Just like stated above, you will see many images of the Bit One photographed inside a car, on a table, on black carpet...etc. All those are garbage because of the low contrast and complicated backgrounds. They will be a major PITA in the upcoming steps to complete your diagram.

Ahhhhhhhhhh but look at the sixth photograph. It is a nice image of the Bit One, all by itself against a white background! SCORE!

Well almost.

Lets look closer. Now is the time to look at the information below each image.

For the sixth image....what is the file size? The file size is shown at 113k. This is okay. It will definitely work. But to further confirm this, look at the IMAGE size. The image size is the physical dimension of the photograph.
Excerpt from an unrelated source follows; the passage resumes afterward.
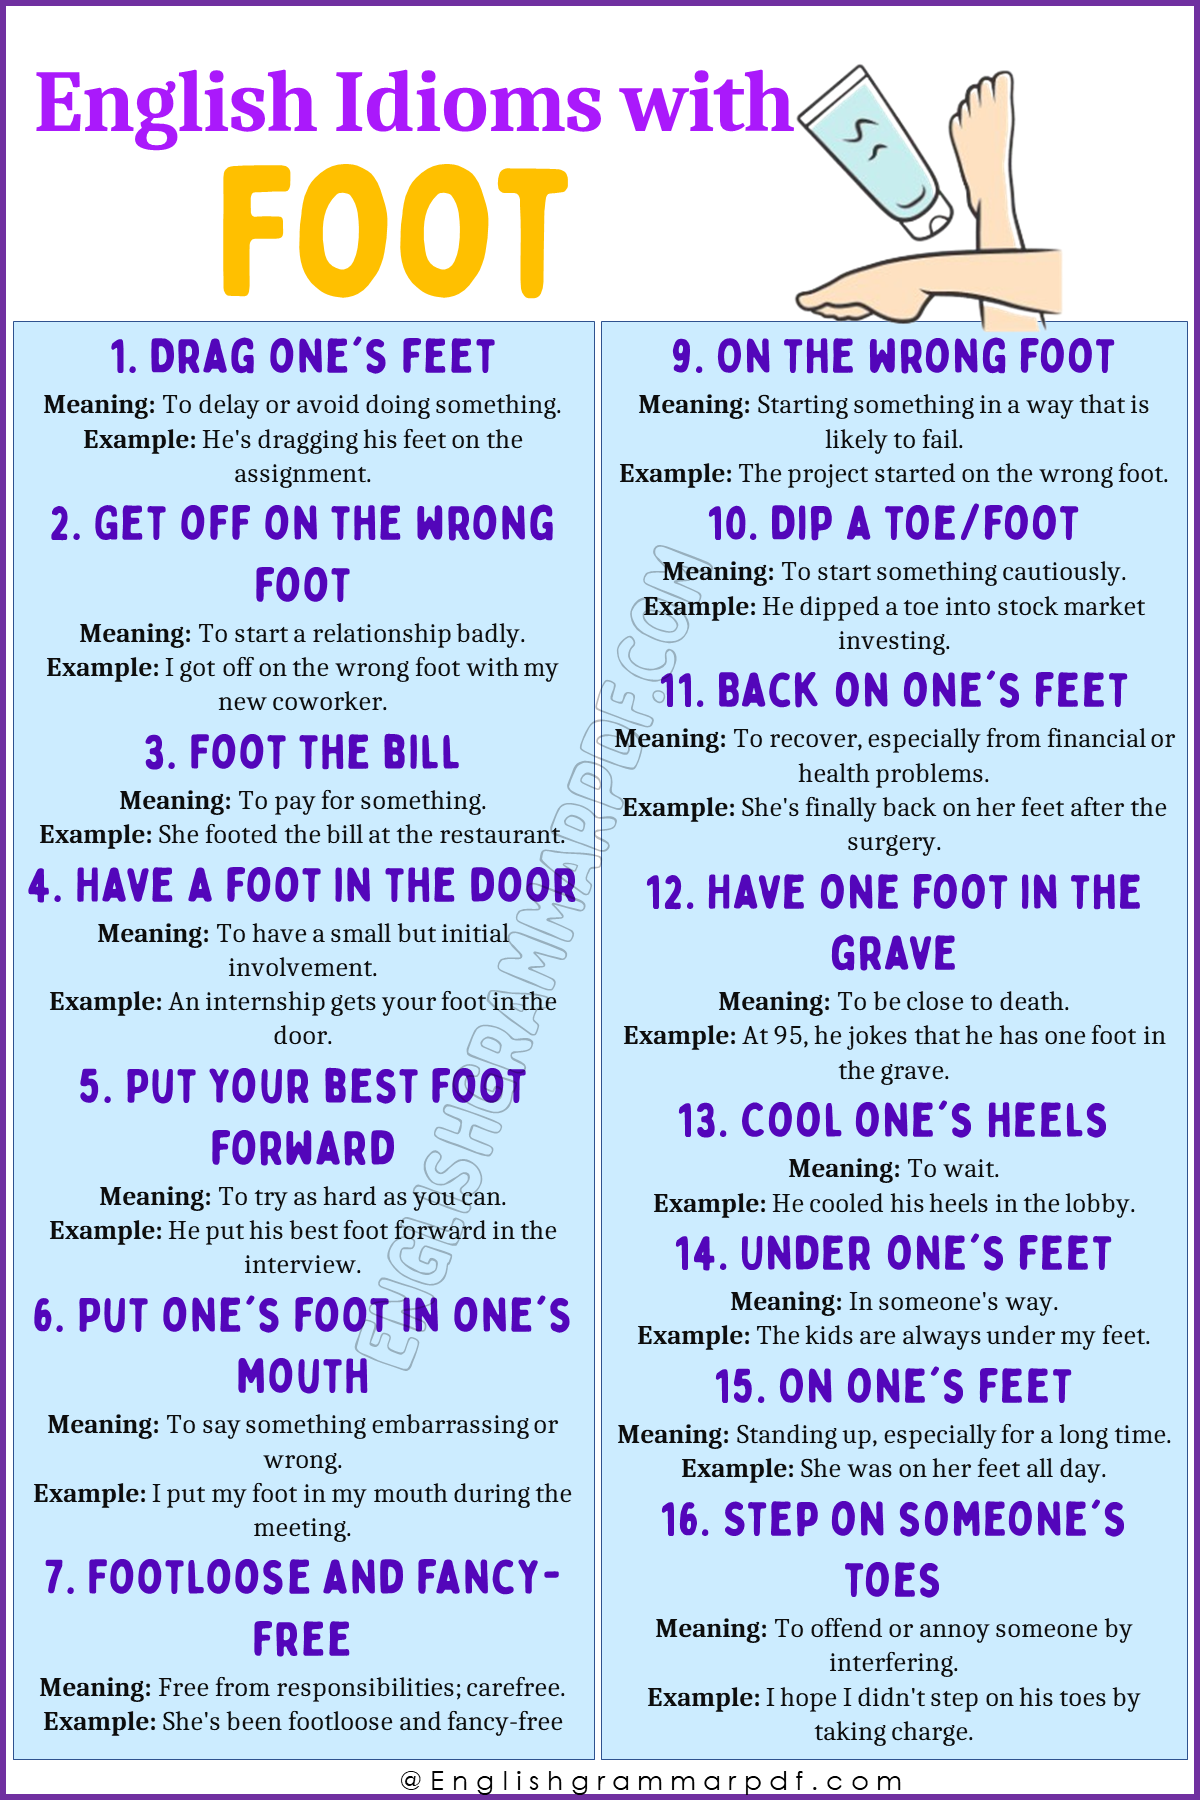 English Idioms with Foot

In this case they are 800x480. NOW WE ARE TALKING. Now I know all of my criteria above is met. Well almost. I still do not know what the resolution of this image is (72 dpi? 300 dpi)? Well the only real way to know is to down load it and open it in your photo editing software.
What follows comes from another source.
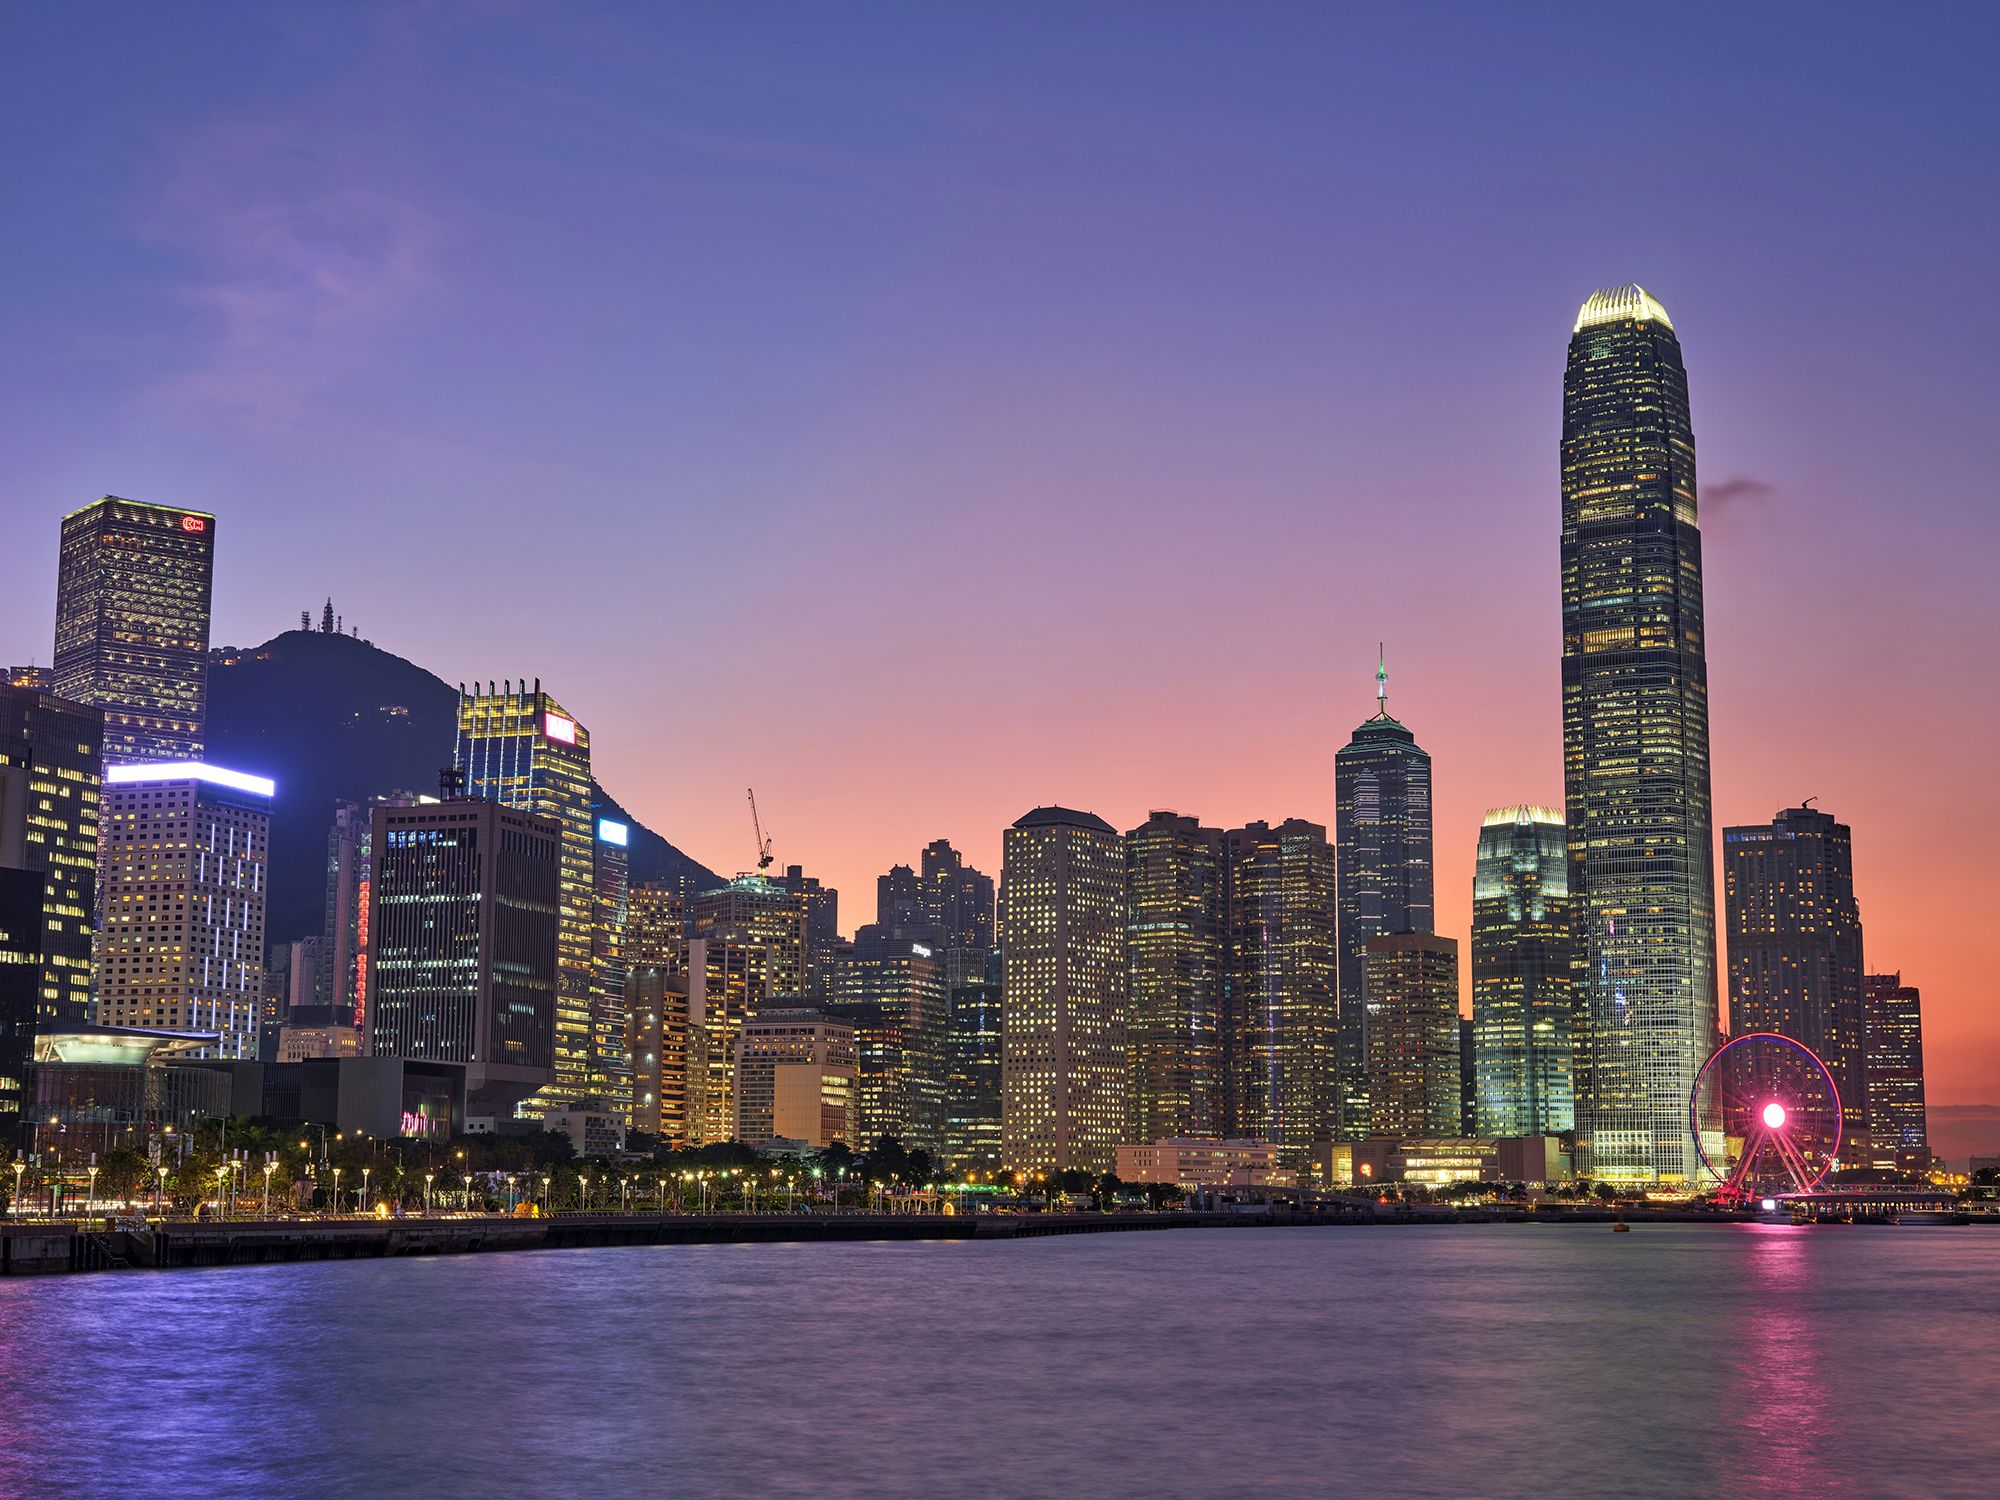 Victoria Harbour is a unique brand of Hong Kong, with its night view recognised as one of the best three night views in the world.

I like this image and so I download it.

Before you leave this web page....lets look at one more image of the Bit One. It is always a good idea to download a few images....just in case one does not work for you in the end. But in this case I want you to look at another image to see a difference in image attributes (file size, etc).

Look at the second image.

Not only is it terrible because it is a black product in front of a black, complicated background, but its attributes are a little misleading. Its physical size is LARGER than the one we liked. But its FILE size is HALF the size of the one we liked. As you get better at this you will come to learn that this is a sure indicator that the RESOLUTION in image number 2 is much less quality than the one we liked and downloaded. So be on the look out for those indicators.

Now is the time to tell you that you can spend HOURS AND HOURS looking for good images on the net. Always use a variety of search terms that will yield different web pages. I have even had success at inserting the words "high resolution" along with my products with awesome results. Maybe luck? I dunno.

If you already know all of the model numbers and names of your products for your diagram, I think it more efficient use of time to download a ton of images first and then do the editing later. Just my opinion.

Now we have an image to work with so lets go to the next step.


----------



## ARCuhTEK

Open your photo editing software.

Here is CorelPHOTOPAINT with a blank screen:









Now open our new downloaded file.










BOY OHHHHHHHHHHHHHHH BOY did we get lucky!!!!!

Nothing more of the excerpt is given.